Cyclophilins
Cyclophilins form one of the three PPIase families. The most abundant member of the cyclophilin family in humans is the prototypic cytoplasmic CypA. CypA was the first PPIase discovered by Fischer et al. in 1984. In humans, eighteen cyclophilin isoenzymes of different molecular masses have been described at present.
Human CypB mainly differs from CypA by a N-terminal signal sequence that directs the protein to the ER. Human CypD is targeted to the mitochondrial matrix. These prototypic cyclophilins consist only of one functional domain, the cyclophilin domain of about 160 amino acids.
Beside these cyclophilins, there are multidomain proteins formed by the cyclophilin domain and additional regulatory or signaling modules.
The cyclophilin domains share a three-dimensional structure characterized by an eight-stranded antiparallel barrel capped by helices. The enzymatic parameters of prototypic cyclophilins display high catalytic power as defined by catalytic efficiencies in the diffusion controlled range.

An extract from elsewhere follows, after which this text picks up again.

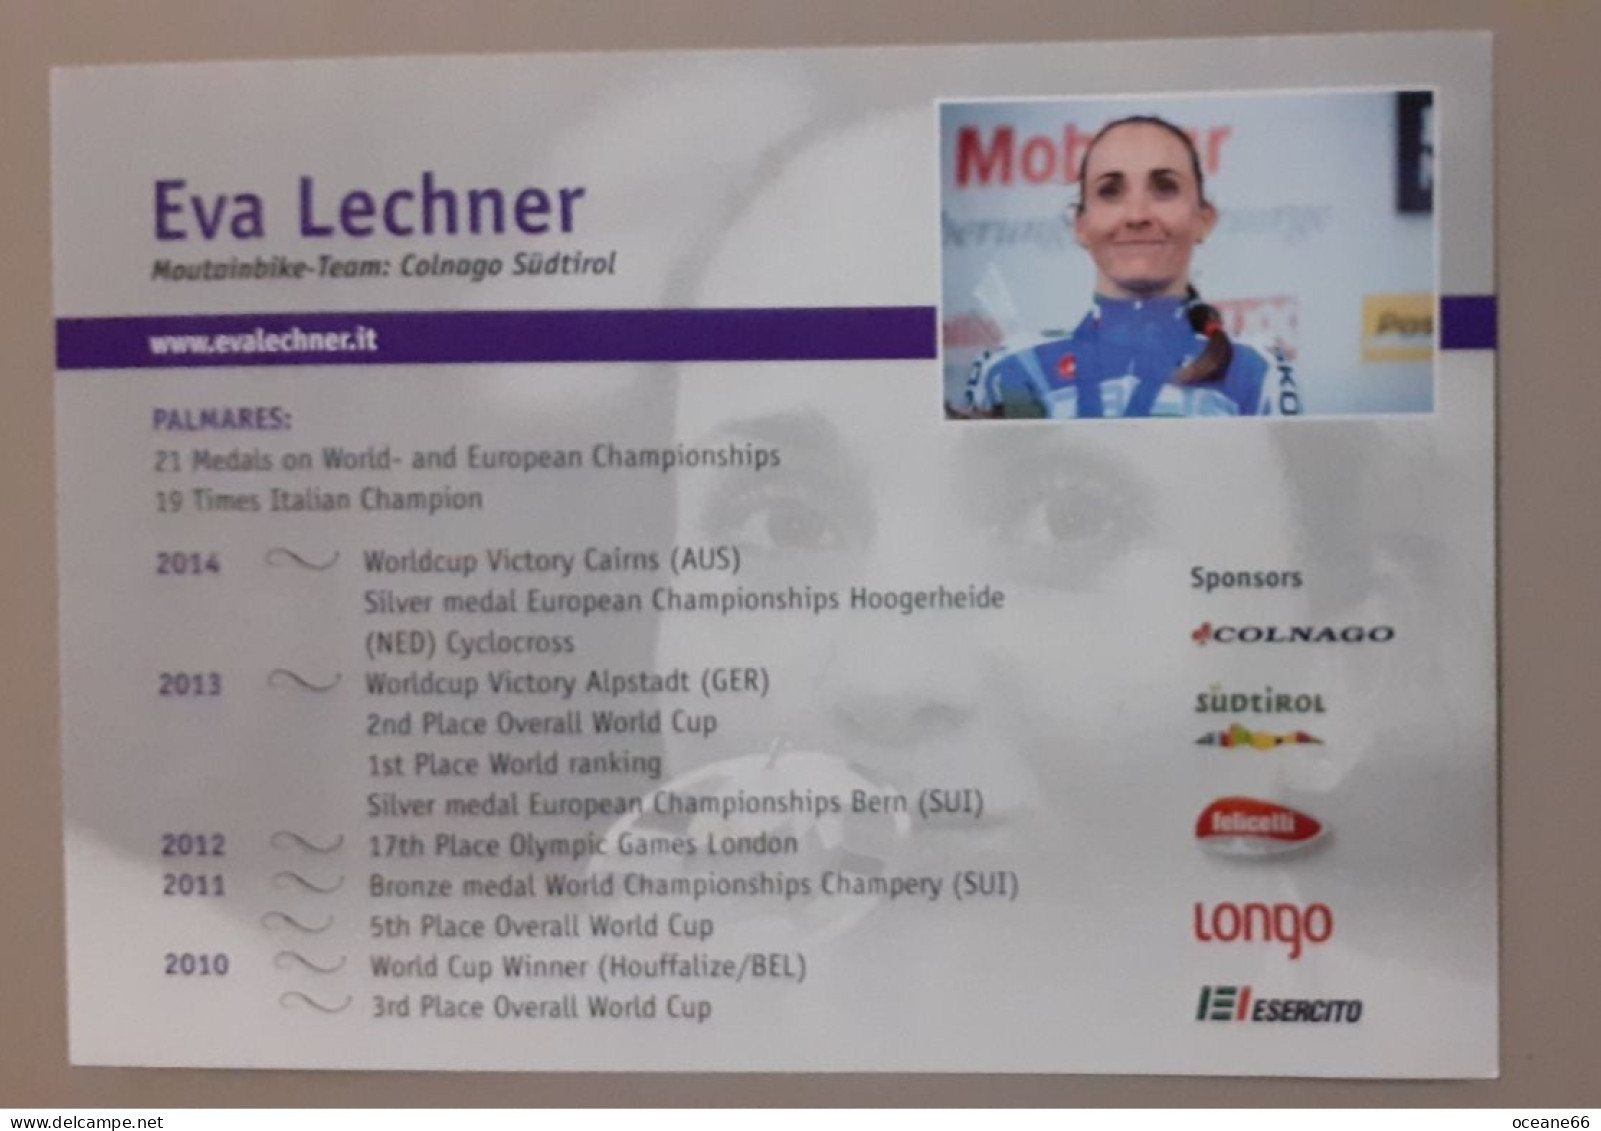 Autographe Eva Lechner Colnago Format A5ppp - Ciclismo

Crystal structure of human cyclophilin A in complex with a substrate peptide. (PDB ID:1FGL, CypA/VHAGPIAPGQNLER here shown: AGPIA) orange: Arg55, Gln63, His126 in the PPIase active site of CypA. Zhao et al. (1997) Structure 5: 139-146
There are several different molecular mechanism of cyclophilin catalysis proposed. The decrease the rotational barrier for the cis/trans isomerization may for example result from hydrophobic interactions within the active site or from the formation of a hydrogen bond in the enzyme-bound transition state involving the guanidine group of an active site arginine and the imide nitrogen atom of the substrate prolyl bond.

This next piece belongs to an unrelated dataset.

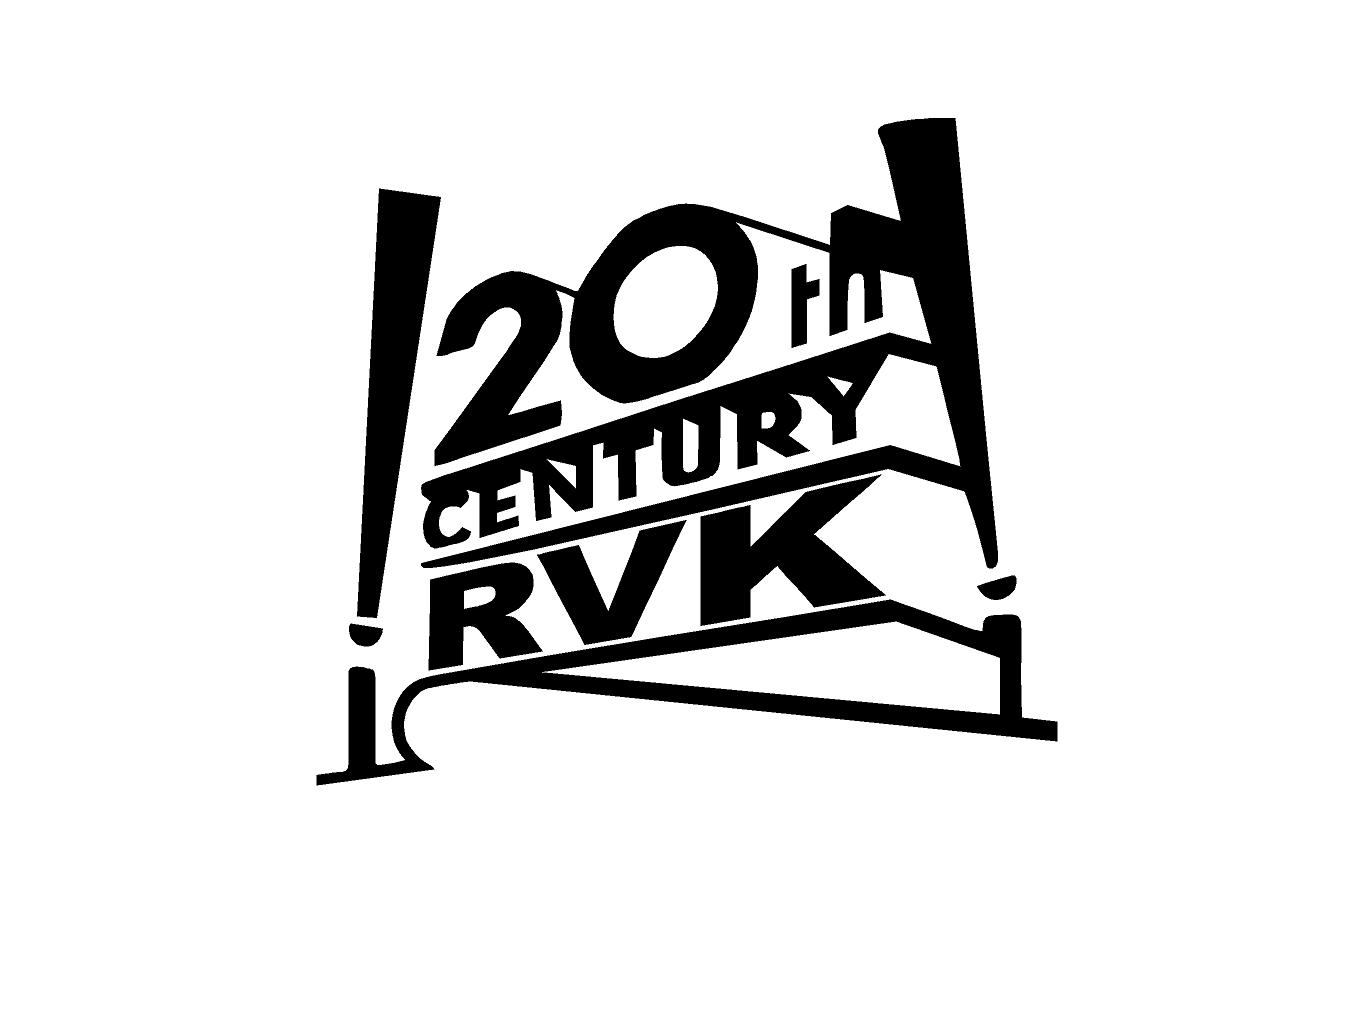 20th century Reykjavík

Many different proteins can functionally interact with the different cyclophilin isoenzymes. Cyclophilins have been found to be involved in several physiological and pathophysiological processes. For example, CypA is involved in HIV and HCV infection, CypB is involved in collagen fibril formation and CypD in the formation of the mitochondrial permeability transition pore. Formation of a complex between CypA and its inhibitor cyclosporin A (CsA) mediates clinical immunosuppression important for prevention of organ rejection in transplantation.

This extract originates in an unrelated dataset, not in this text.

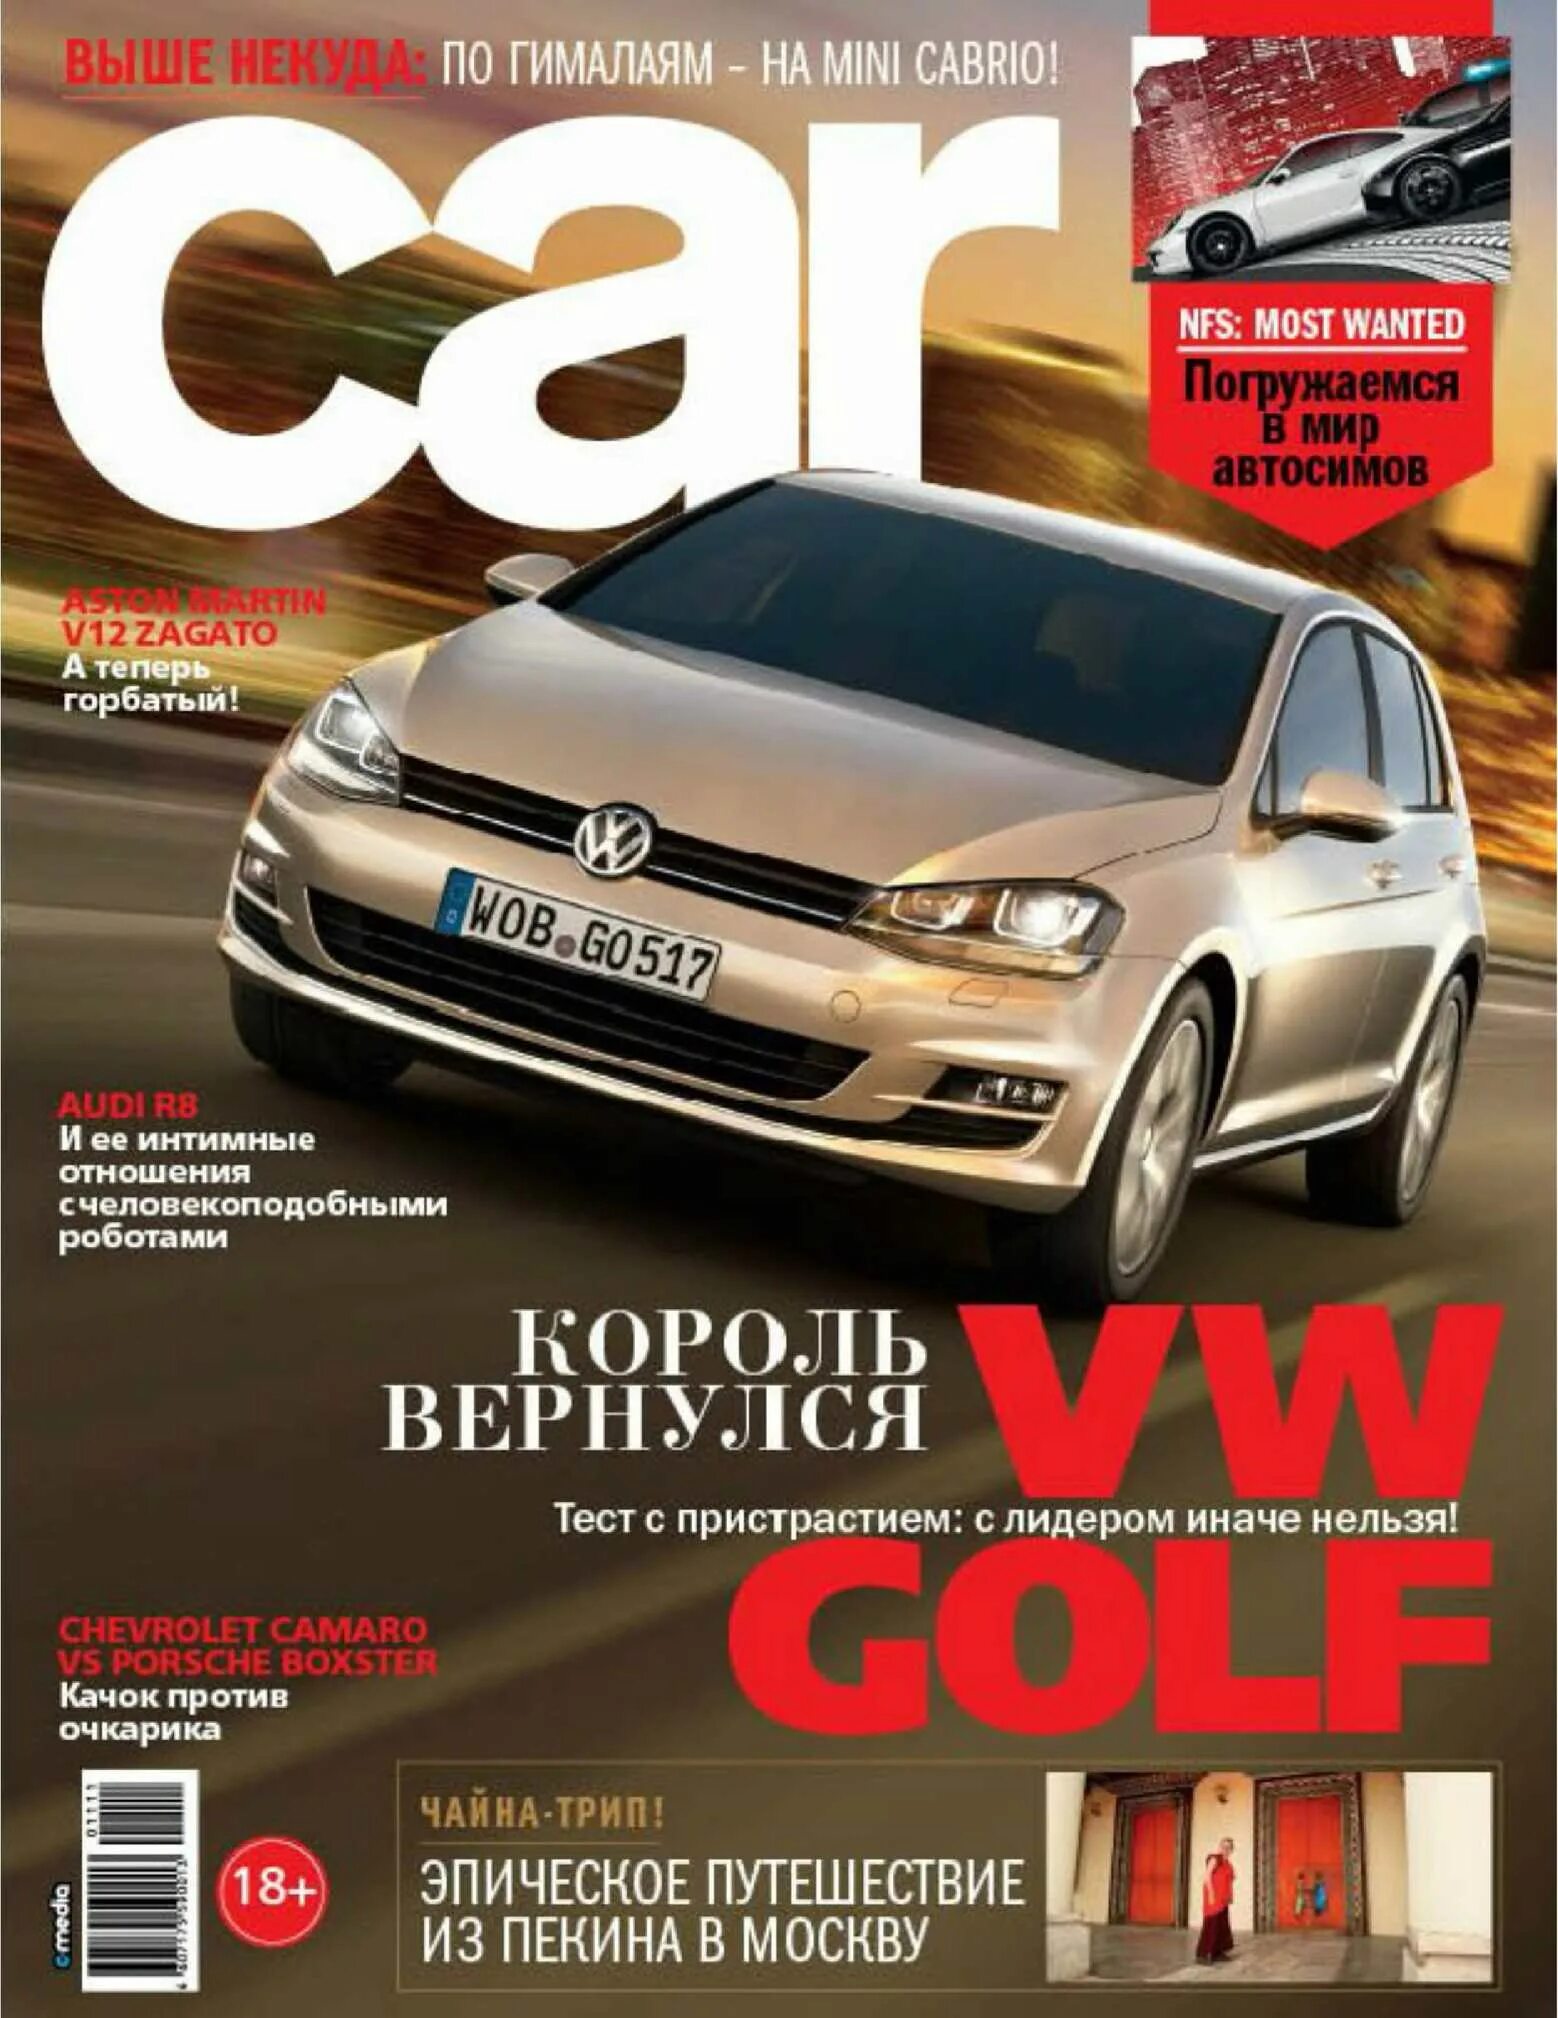 Car magazine. Журнал за рулем 2010. Обложка журнала за рулем. Журнал за рулем 2012. Реклама журнала за рулем 2010.

Some cyclophilin isoenzymes can move from the interior to the exterior of cells. In the extracellular space, the cyclophilins are implied in the control of cell-cell communication. They elicit a variety of intracellular signaling cascades involved in inflammatory processes. Thus, the extracellular portion of cyclophilins probably plays an important role in human diseases associated with acute or chronic inflammation like rheumatoid arthritis, sepsis, asthma and cardiovascular diseases.